Should this work?

Andrei Alexandrescu SeeWebsiteForEmail at erdani.org
Sat Jan 25 18:20:17 PST 2014


On 1/25/14 6:07 PM, Manu wrote:
> On 25 January 2014 20:15, Peter Alexander <peter.alexander.au at gmail.com
> <mailto:peter.alexander.au at gmail.com>> wrote:
>     If this works:
>
>          contains("hello", "el");
>
>     then this should work:
>
>          contains([1, 2, 3, 4, 5], [2, 3]);
>
>     Special cases are pure evil. There's nothing special about strings
>     in this case.
>
>
> Does that work in all cases of strings wrt utf encodings?

Yes.

> String normalisation?

Not automatically, but you could do things such as 
find(haystack.byGrapheme, needle.byGrapheme).

> What about when char and wchar strings are compared?

Yes.

> (should that should be handled transparently?)

It is. D's stdlib is one of very few languages that can do this out of 
the box without converting one to the other.

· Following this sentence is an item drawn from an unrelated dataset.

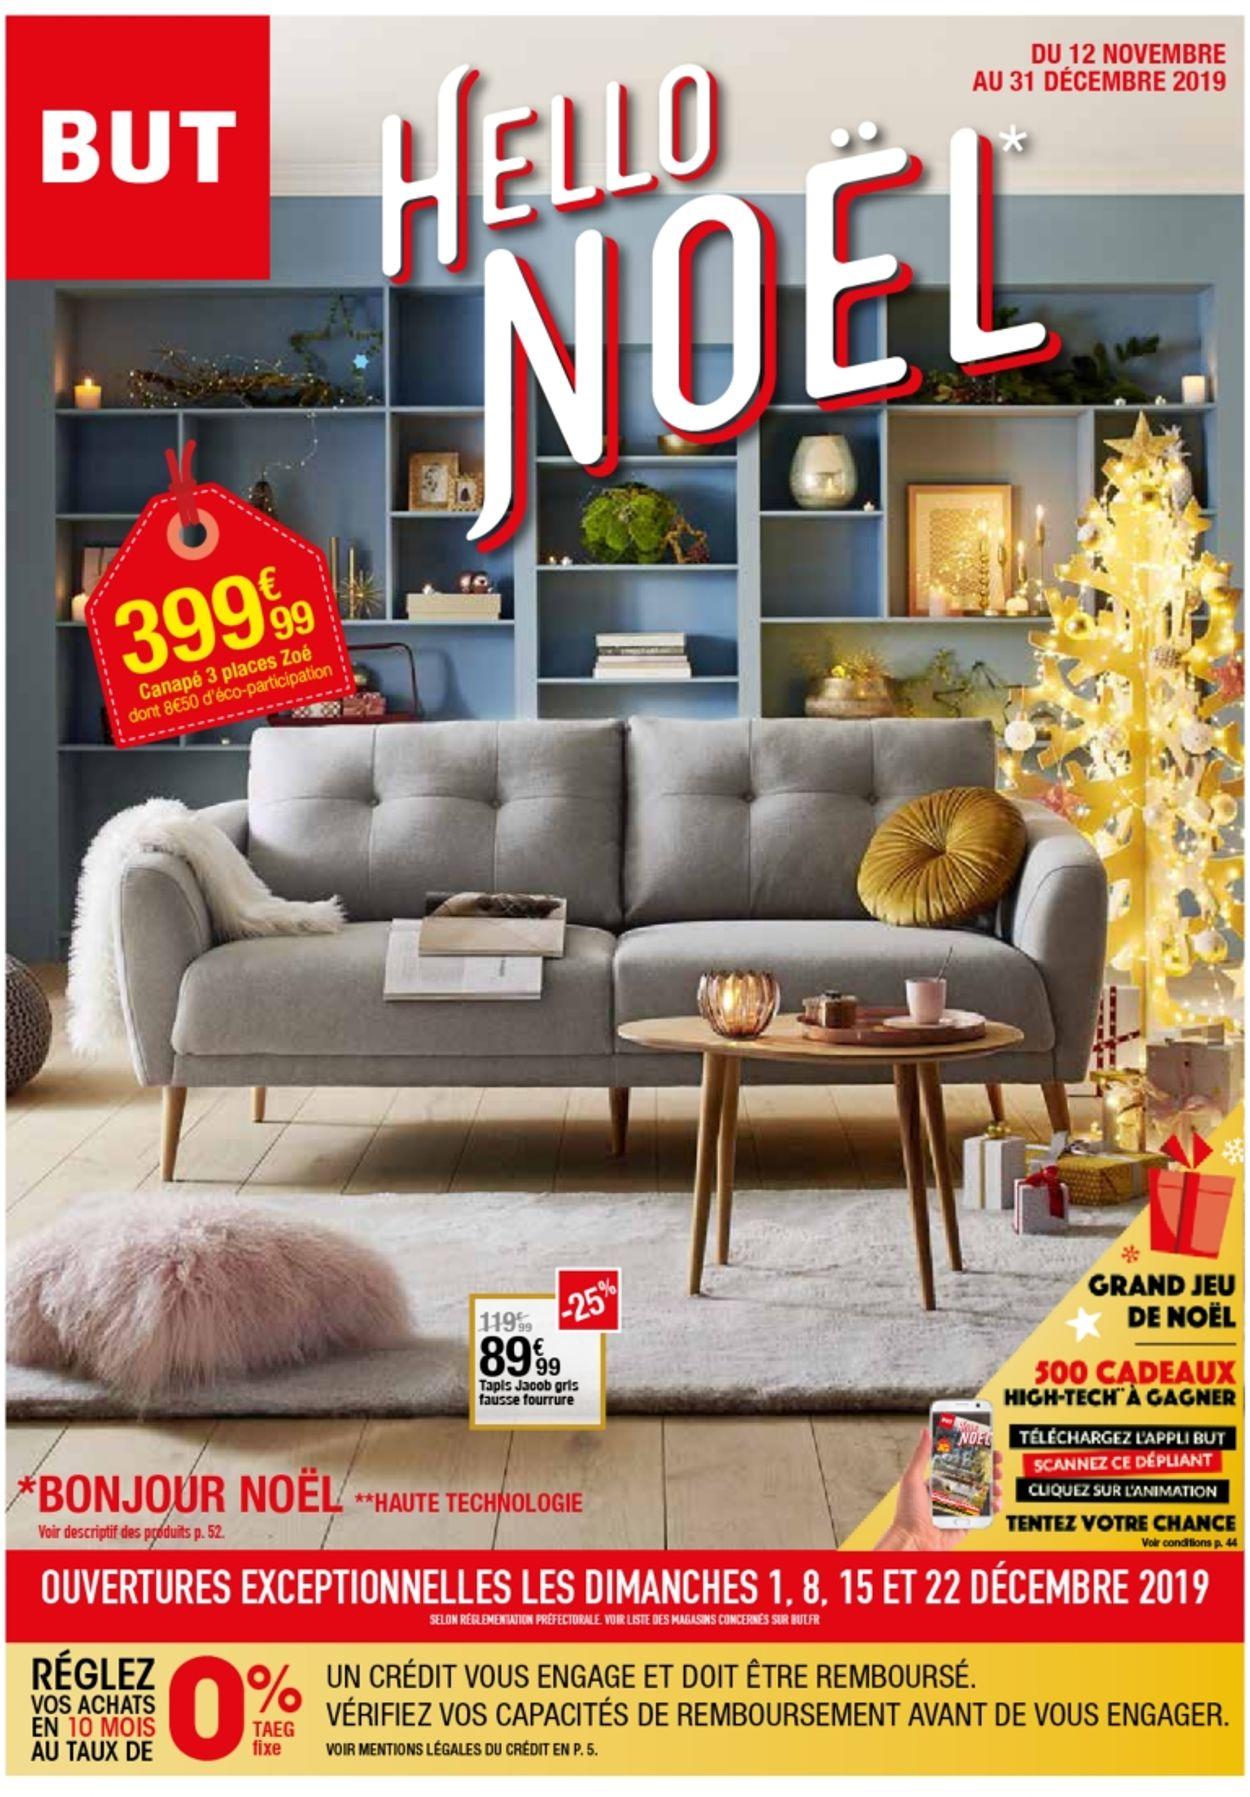 But catalogue de Noël 2019 Catalogue - 12.11-31.12.2019

> Strings are special, they're almost always special, and rarely conflate
> with generalisations well.

There is considerable evidence that the above is wrong.

> Strings almost always exposes special cases that aren't useful or
> relevant for any other context.

The special cases I found almost always involve whitespace (there is no 
obvious generalization of the notion). Other than that, UTF strings are 
nothing else but boring variable-length encodings.